É bem verdade, como esclarece Gilmar Ferreira Mendes, que o Supremo Tribunal Federal, ao tempo da Constituição de 1967, já admitiu a existência de inconstitucionalidade nos casos de colisão entre normas de direito estadual e leis complementares105. Porém, em decisões mais recentes, aquela Corte não tem conhecido ações diretas de inconstitucionalidade fundadas na contrariedade a dispositivos de lei complementar intercalar106.

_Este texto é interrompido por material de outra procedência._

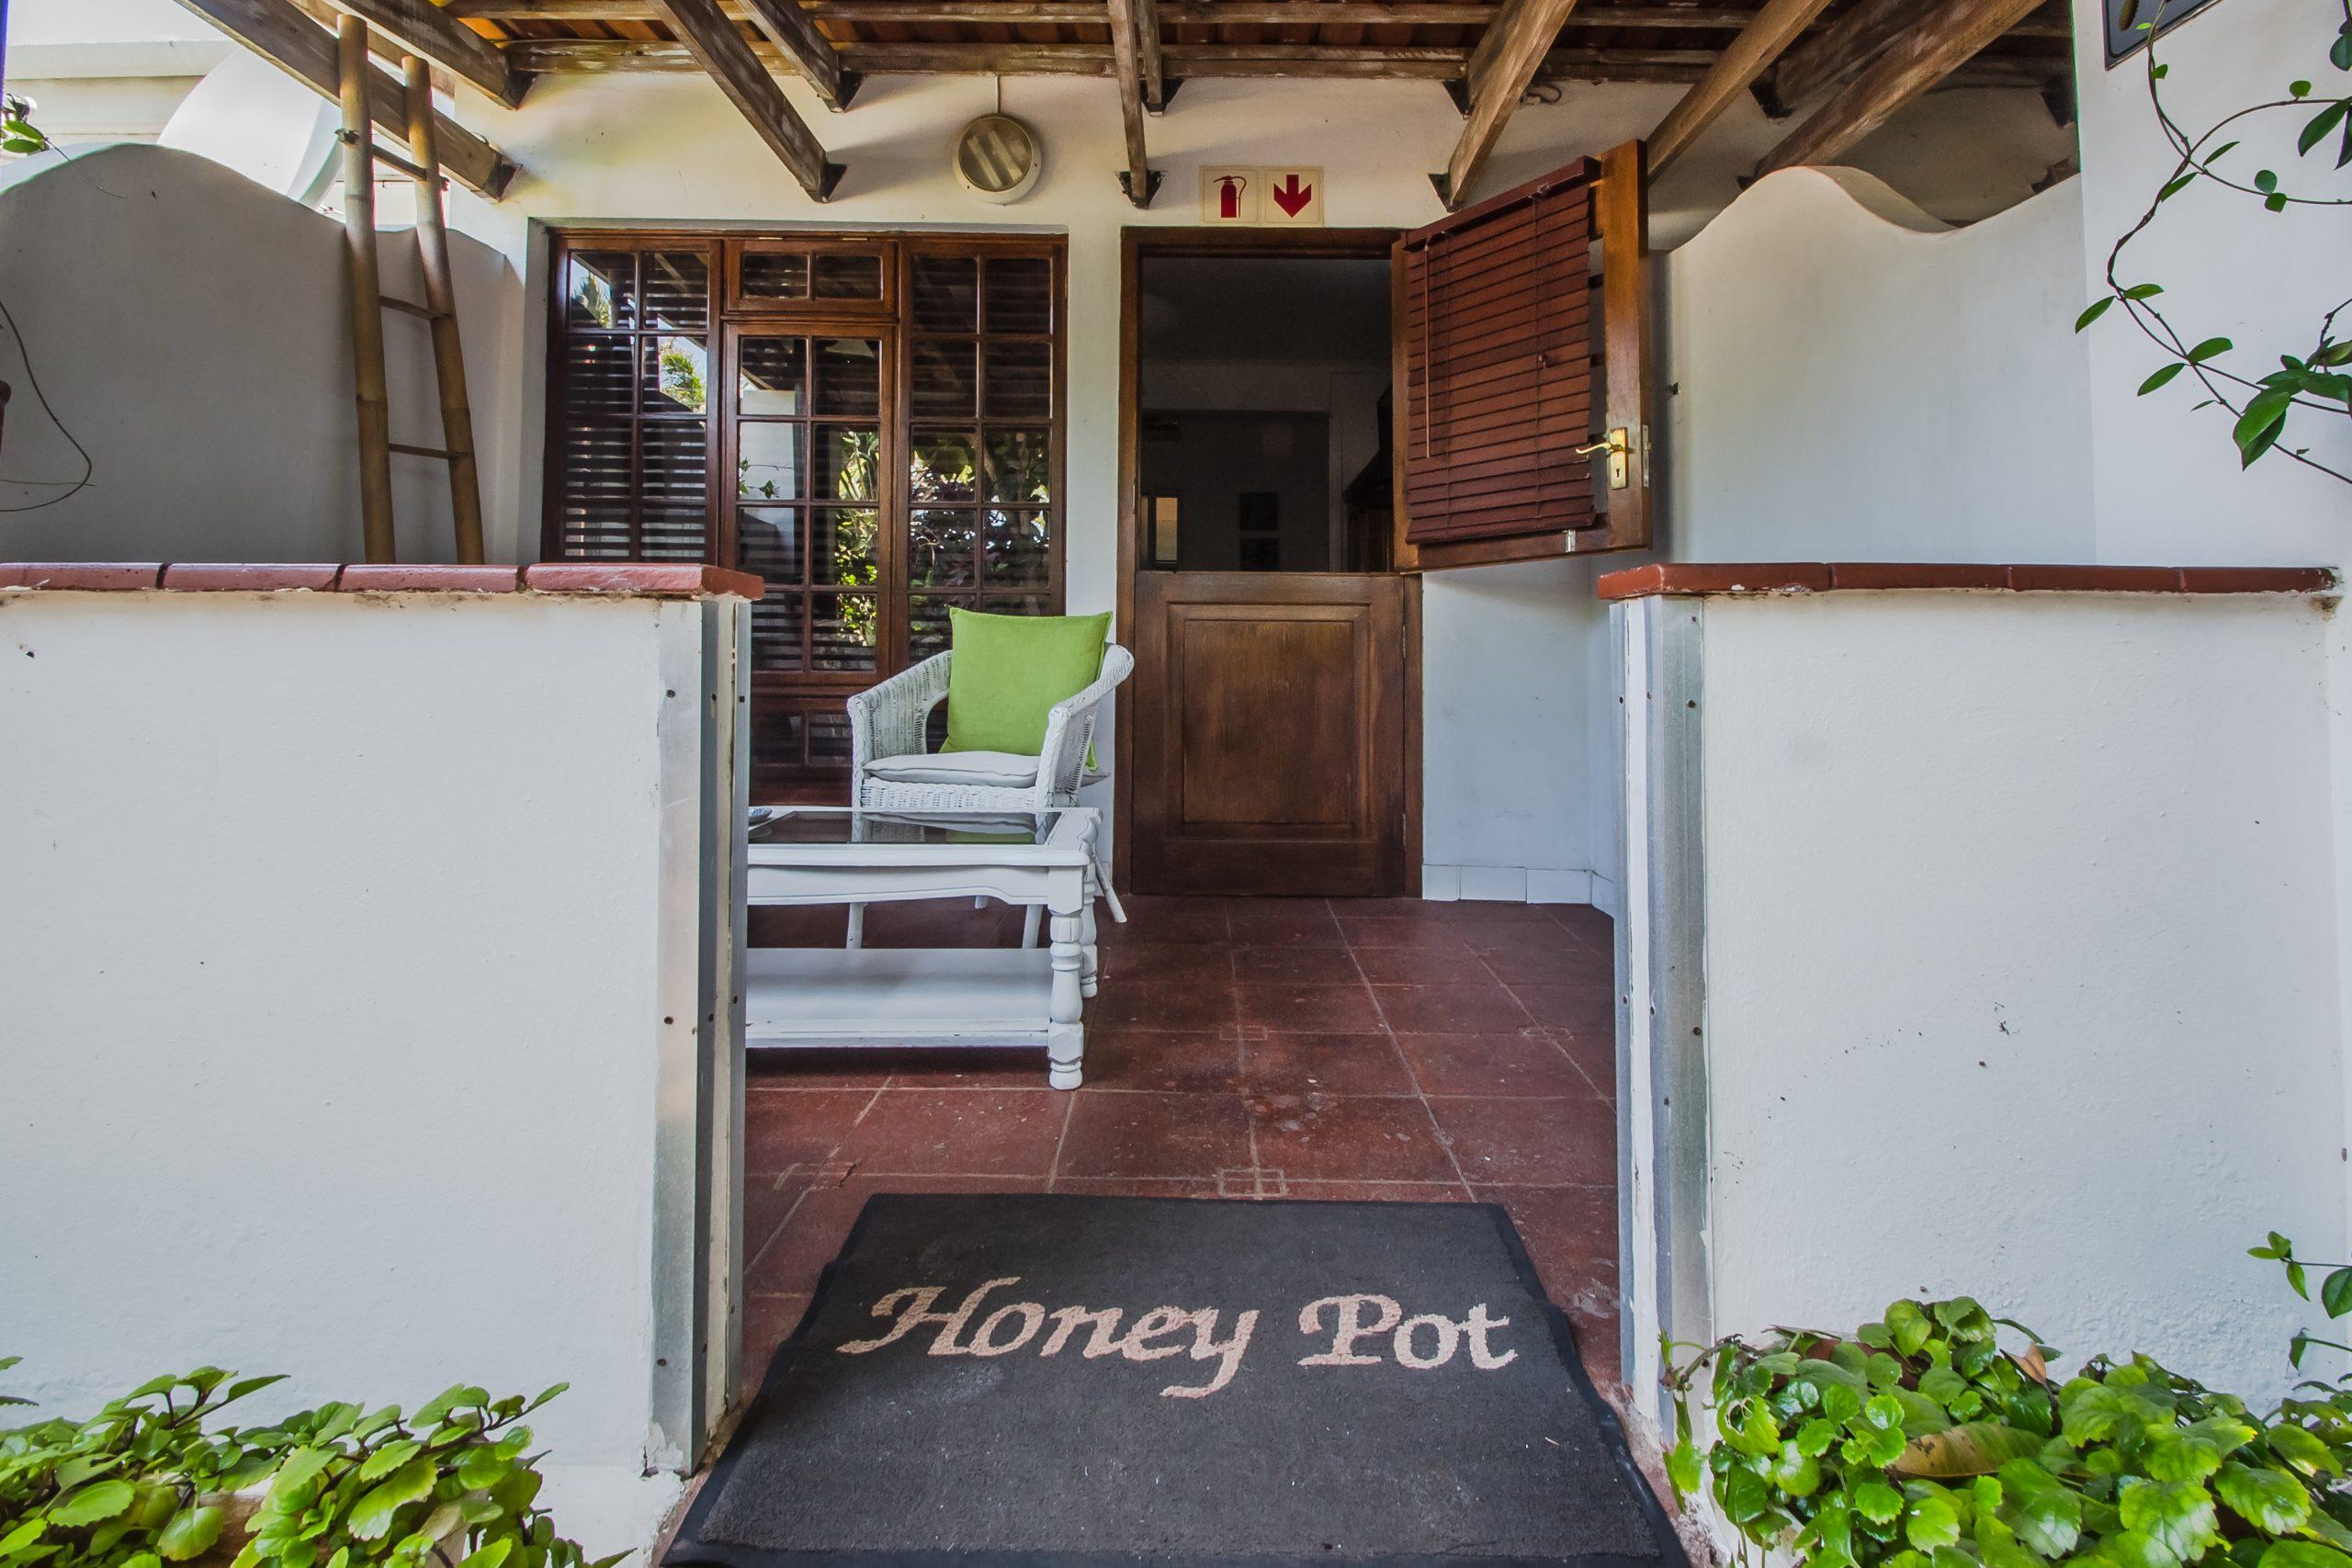 honeypot guesthouse-10

Ao mesmo tempo, também não tem conhecido recursos extraordinários fundados em violação a leis complementares intercalares, sob o fundamento de que estas não teriam hierarquia constitucional107. Ao apreciar recurso extraordinário fundado na violação do Decreto-Lei n.° 406/68 (com eficácia de lei complementar), o Supremo Tribunal Federal entendeu que a alegação seria “[...] insuscetível de ser apreciada senão por via da interpretação da legislação infraconstitucional, procedimento inviável em sede de recurso extraordinária, onde não têm guarida alegações de ofensa reflexa e indireta à Constituição Federal”108.

105

MENDES, op. cit., p. 183. REP 1.142. Rel. Min. Carlos Madeira, DJU 1.º/7/1988. 106

No julgamento da ADI 1.585-1, o Pretório Excelso decidiu no seguinte sentido: “Despesas de pessoal: limite de fixação delegada pela Constituição à lei complementar (CF, art. 169), o que reduz sua eventual superação à questão de ilegalidade e só mediata ou reflexamente de inconstitucionalidade, a cuja verificação não se presta a ação direta [...]”.ADIMC 1.585/DF. T. Pleno. Rel. Min. Sepúlveda Pertence. DJU 3/4/1998, p. 1. Em seu voto, o Relator entendeu que “[...] a superação dos limites de despesas de pessoal fixados na lei complementar já configuraria questão de inconstitucionalidade reflexa ou mediata, por violação da norma infraconstitucional interposta – a cuja solução não se presta a ação direta [...]” (fls. 51).

107

AgReg n.° 90.741. 1.a Turma. Rel. Min. Néri da Silveira. DJU 6/4/1984: “Não empresta nível constitucional a matéria decidida o fato de estar baseada em preceito de lei complementar. A lei complementar situa-se no plano da legislação ordinária, não assumindo hierarquia constitucional”.

108

AgReg n.° 195.681 / PR. 1.a Turma. Rel. Min. Ilmar Galvão. DJU 19/9/1997. O grande problema é que, ultimamente, o Superior Tribunal de Justiça tem considerado o conflito entre lei complementar e ordinária matéria constitucional, sujeita, portanto, a recurso extraordinário (e não recurso especial): “1. CONSTITUCIONAL. CONFLITO ENTRE LEI COMPLEMENTAR E LEI ORDINÁRIA. A lei ordinária que dispõe a respeito de matéria reservada à lei complementar usurpa competência fixada na Constituição Federal, incidindo no vício de inconstitucionalidade; o Código Tributário Nacional, na parte em que dispõe sobre normas gerais, embora lei ordinária, cumpre função de lei complementar, conforme iterativos pronunciamentos do Supremo Tribunal Federal. 2. [...] a questão daí resultante é, evidentemente, de nível constitucional, não se expondo a recurso especial. Embargos de divergência acolhidos” (EResp 129.925/RS. Primeira Seção. Rel. Min. Ari Pargendler. DJU 15/5/2000, p. 115). No mesmo sentido, o Resp 183.178/RN. 1a Turma. Rel. Francisco Peçanha Martins. DJU 5/4/1999, p. 117.